The road map to autocracy presented in Project 2025 extends far beyond the unitary executive theory first promoted by President Ronald Reagan, and later espoused by Vice President Dick Cheney, largely designed to implement a deregulatory, corporatist agenda. Instead, as discussed further below, Project 2025 presents a maximalist version that does not nibble around the edges but aims to thoroughly demolish the traditional guardrails that allow Congress an equal say in how democracy functions or what policies are implemented. One noted expert at the conservative think tank American Enterprise Institute, Philip Wallach, said, “Some of these visions … start to just bleed into some kind of authoritarian fantasies where the president won the election, so he’s in charge, so everyone has to do what he says—and that’s just not the system the [sic] government we live under.”

If Congress is robbed of its imperative role as a check and balance on a president’s power, and the judicial branch is willing to bestow a president with almost unlimited authority, autocracy results.
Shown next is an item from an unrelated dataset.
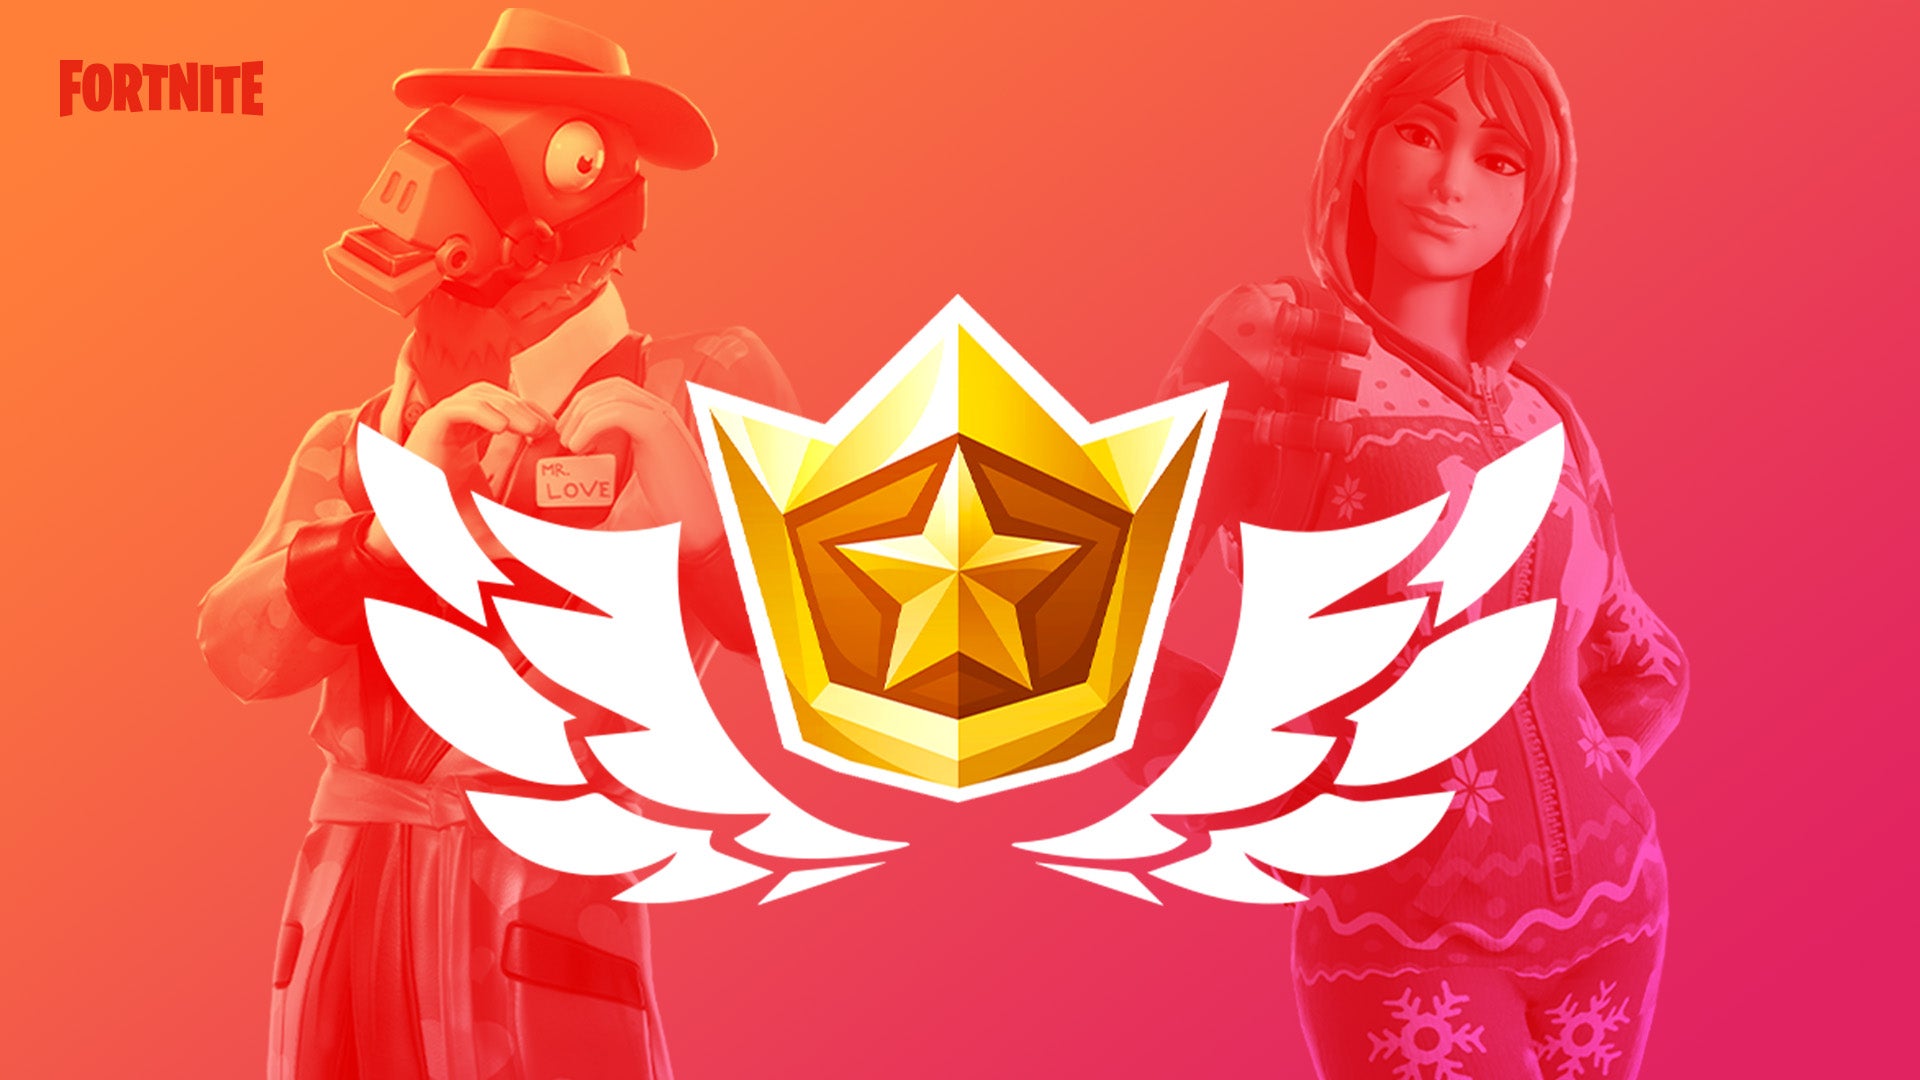 Image for Fortnite v7.40 update: complete the Overtime Challenges to get your Season 8 Battle Pass for free

And presidents become strongman rulers—free to choose which laws to enforce, which long-standing norms to jettison, and how to impose their will on every executive branch department and agency.

Well, all these pithy reads should keep you busy for the day.  I hope your week goes well. I’ve got 2 doctors’ appointments, but gladly no more procedures.  And I’d like just to add if they come for professors, that I’d rather be in the gulag that holds the country’s political cartoonists.  To think, I used to just use wonderful paintings.

Happy Cinco de Mayo to all the wonderful folks of Mexican descent and to those of us who just enjoy the holiday!

What’s on your Reading and Blogging list today?